The production filmed episodes back-to-back, according to Rolling Stone in 1994. A dozen directors were employed during each season to direct the thirty episodes. Charles Correll is by far the main director of the series with 47 episodes to his credit over the entire production period, far ahead of the 27 episodes directed by Chip Chalmers.

In 1997, the filming of the sixth season was brought forward by two weeks because of Heather Locklear's pregnancy, which was not included in the story. A body liner was used for around ten shots. The actress also doubled her filming time and her screen time was reduced to finish filming in mid-September 1997.
Lisa Rinna (Taylor) was also pregnant during filming at the end of the sixth season. However, her pregnancy was integrated into the plot. This was also the case for the pregnancy of Josie Bissett (Jane) during the seventh season. Estes and Bissett welcomed their first child, son Mason True, on July 21, 1999.

==Nielsen ratings==

| Season | Rank | Rating | US viewers (in millions) |
|---|---|---|---|
| 1) 1992–93 | No. 94 | 8.35 | 11.9 |
| 2) 1993–94 | No. 50 | 10.24 | 14.8 |
| 3) 1994–95 | No. 57 | 9.64 | 14.1 |
| 4) 1995–96 | No. 61 | 9.37 | 13.2 |
| 5) 1996–97 | No. 58 | 8.48 | 11.8 |
| 6) 1997–98 | No. 80 | 7.47 | 9.5 |
| 7) 1998–99 | No. 95 | 6.14 | 8.4 |

Melrose Place debuted on July 8, 1992, at No. 19 on the Nielsen ratings with a 10.3/19 share and 16 million viewers. In December 1993, Meredith Berkman of Entertainment Weekly called the show "arguably the hottest one-hour drama on television." Though ratings dropped slightly over the first season, the addition of Heather Locklear as Amanda is credited for improving ratings and bringing the show from No. 94 to No. 50 in the second season.
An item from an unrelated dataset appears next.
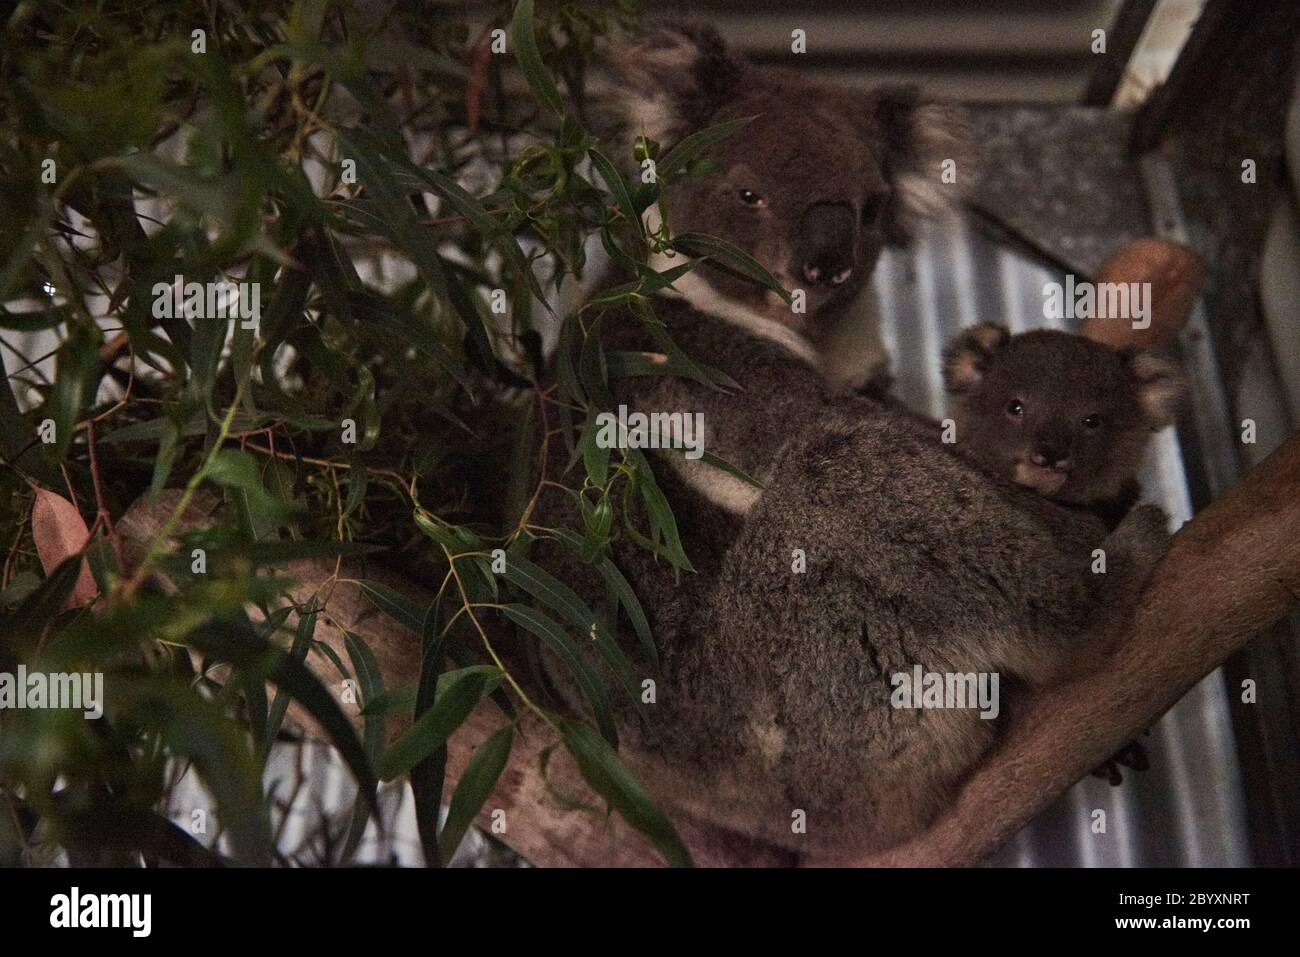 Susan Puris, animalière et fondatrice du refuge pour la faune et le koala de l'île Raymond, sur l'île Raymond, Victoria, Australie, le lundi 6 janvier 2020 Banque D'Images

The series finale was watched by 10.38 million viewers.

==Reception==

===Critical reception===
Melrose Place received mixed reviews from critics. As of September 2014, season 1 has a critics' rating of 4.7/10 at Metacritic. One of the critics, Times Richard Zoglin, who gave the season a 2.0/10 score, wrote that the soap is "tapping into nothing more than worn plot lines from The Young and the Restless". Conversely, Ken Tucker of Entertainment Weekly, gave the first season a B− rating, writing: "Hey, I make fun of Melrose Place — but I'm hypnotized by it. As warm-weather escapism, it takes all the issues facing this country, from unemployment to sexual harassment, and turns them into crises that can be solved in an hour." During the second season, David Wild of Rolling Stone wrote: "After debuting in 1992 with a troubled first season that at times rivaled that of the 1962 New York Mets, Melrose Place made a few key trades. The show acquired a journeywoman heavy hitter in the lovely form of Locklear and wisely swapped bothersome Issues and Morals for infinitely more palatable Sex and Villains, emerging as a big winner, particularly with that attractive twentysomething demographic." The third season received positive reviews from critics: "After a couple lukewarm yet entertaining seasons, Melrose Place exploded in season three with the over-the-top, addictive storylines. Remember the crazy Kimberly-Michael-Sydney drama? And then Kimberly tried to keep Jo's baby! Really, this is daytime-soap-drama, heated up for primetime." In 1997, Mark Harris, who gave the soap's sixth season a D rating, stated: "Although the ever-game, deserves-better Heather Locklear still spits out even the worst lines with snappish authority, and the diabolical-doctor duo of Jack Wagner and Thomas Calabro at least try to look interested, they can't sustain a show that has lost its best asset — a twisted joy in its own trashiness."

===Accolades===
The series won the People's Choice Award in 1993 for 'Favorite New TV Dramatic Series'.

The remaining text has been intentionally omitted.